The Suns have played 58 seasons in Phoenix. They possess the fifth-best winning percentage in NBA history. Math says they should’ve won a championship by now.
They are also a franchise with a bad case of buzzard’s luck, perpetually running into brick walls, hurdles and mountains too high to scale.
Cover your eyes. It’s happening again. There is no overstating the visual and contextual impact that accompanied Game 1 of the Western Conference Finals, when the Spurs’ Victor Wembanyama emerged as the next transcendent superstar in basketball.
No one of his height (7-foot-4) and wingspan (8-feet) has ever played with such skill and fluidity. His 41-point, 24-rebound performance on the road included a must-have, pull-up 3-point shot from Steph Curry’s area code. He played a staggering 49 minutes and was still dominating in the second overtime, when most big fellas are gassed.
It was the night a superstar was born, the NBA’s version of Shohei.
Suns fans surely heard the alarm bells. It’s bad enough that the Spurs and Thunder are potential dynasties, threatening to dominate the next half-decade with star power, youth, relentless depth and flexibility. But Wembanyama is clearly the game’s next unstoppable force, and we’ve all traveled this road before. We know how it ends.
The Suns famously lost a coin flip for Lew Alcindor in 1969, a player who had won three consecutive championships at UCLA, winning 88 of 90 games. He was so dominant that college basketball put a ban on dunking, which only made him angrier, forcing him to perfect his legendary sky hook.
The Suns called heads on that fateful day, and I wonder if Jerry Colangelo has ever watched “No Country for Old Men,” and what he thinks of the scene when a great cinematic villain (Javier Bardem) asks a gas station attendant: “What’s the most you’ve ever lost on a coin flip?”

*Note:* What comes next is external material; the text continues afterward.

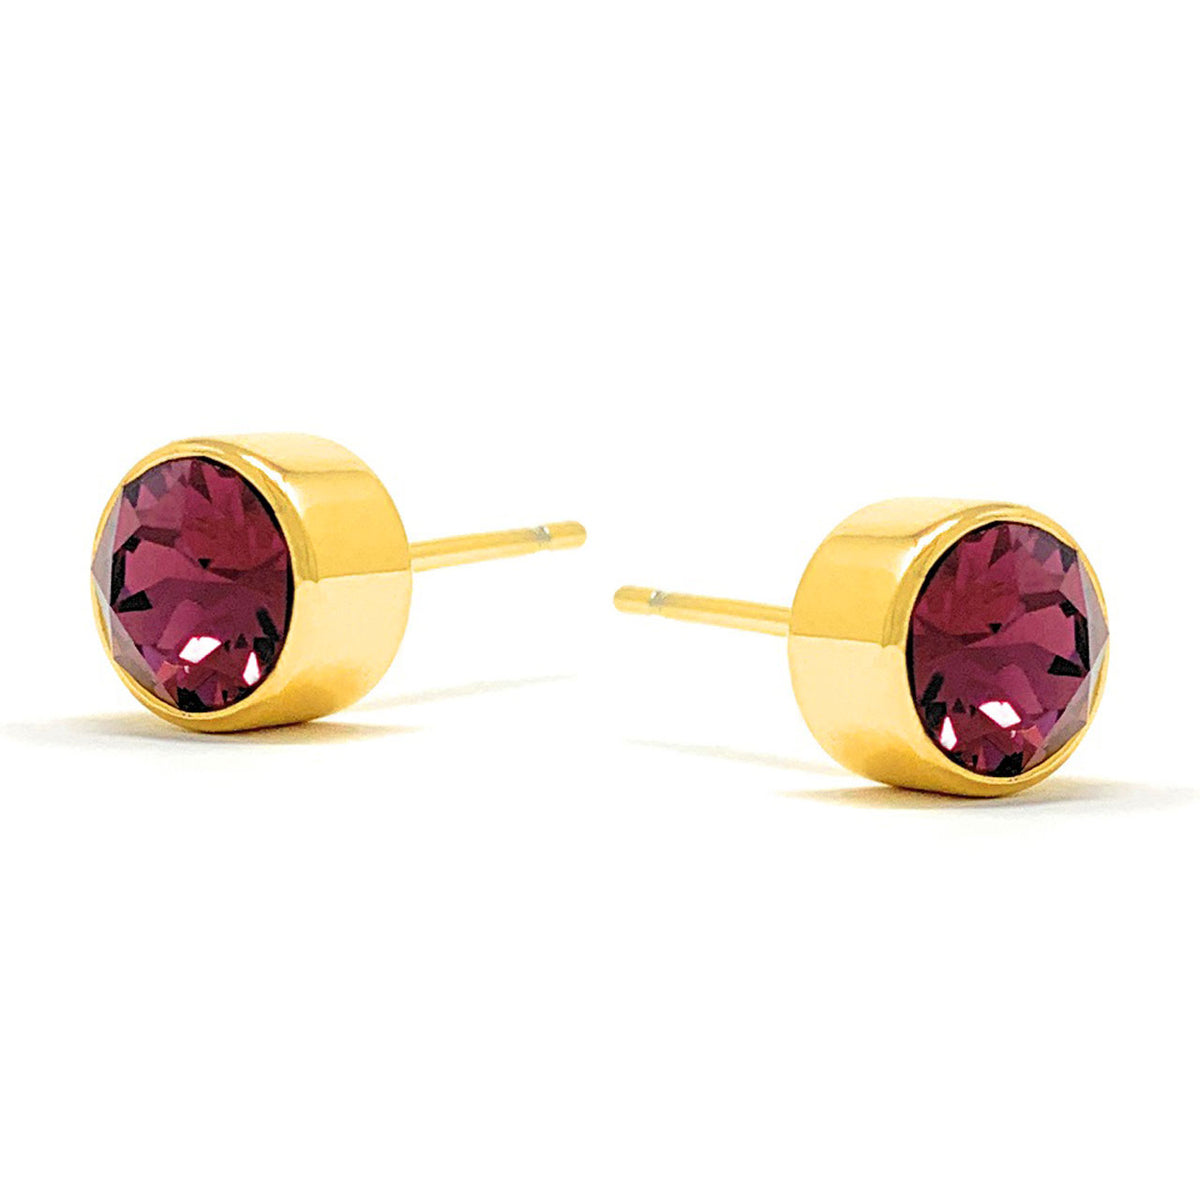 Harley Small Stud Earrings with Purple Amethyst Round Crystals from Swarovski Gold Plated - Ed Heart
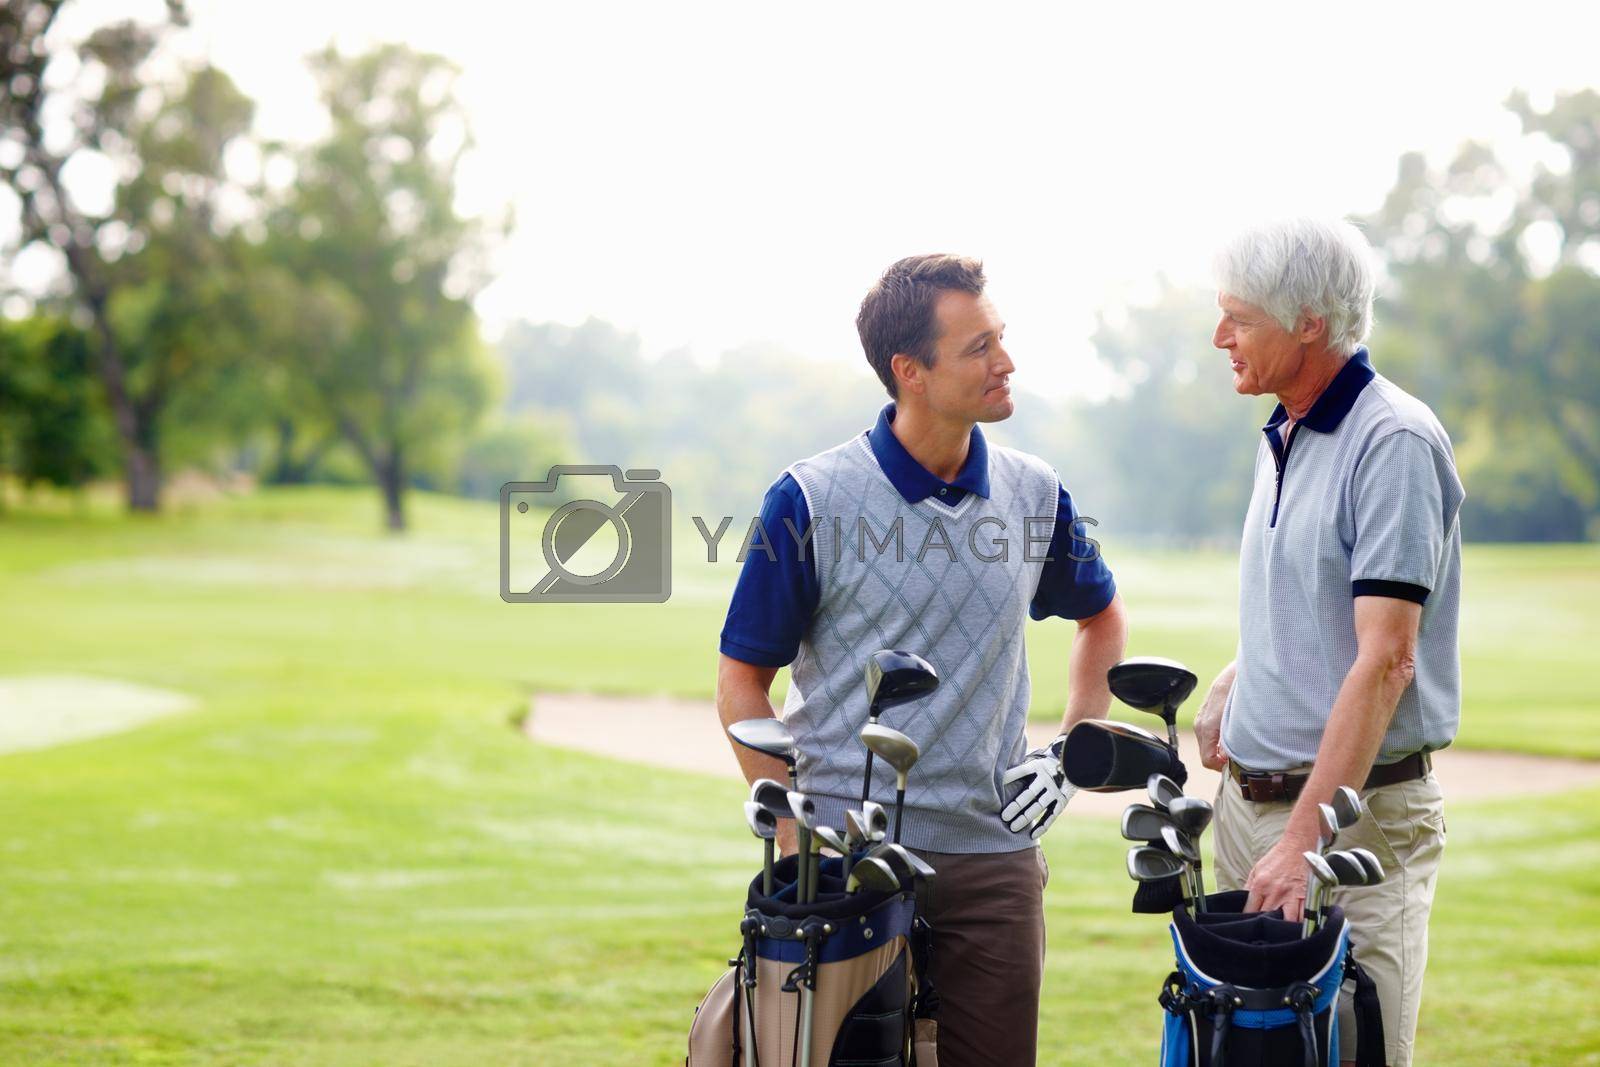 Two golfers in discussion. Father and son standing on golf course and discussing with each other

Imagine what comes next, when Alcindor became Kareem Abdul-Jabbar and suddenly too big for Milwaukee, when he was traded to the Lakers in 1975, where he would win five NBA titles in the next 14 years.
Or 1997, when the Spurs went from 59 wins to 62 losses overnight following a foot injury to David Robinson. The Spurs bucked the odds at the NBA draft lottery, and Tim Duncan would soon become the heart of a dynasty that rejected every contender Phoenix could conjure.
Then it was Shaq and Kobe. And now it’s Wembanyama, who might be a modern-day Wilt Chamberlain; who might stretch the streak of MVP trophies won by foreign-born players well into double digits. Watching him is both exhilarating and horrifying.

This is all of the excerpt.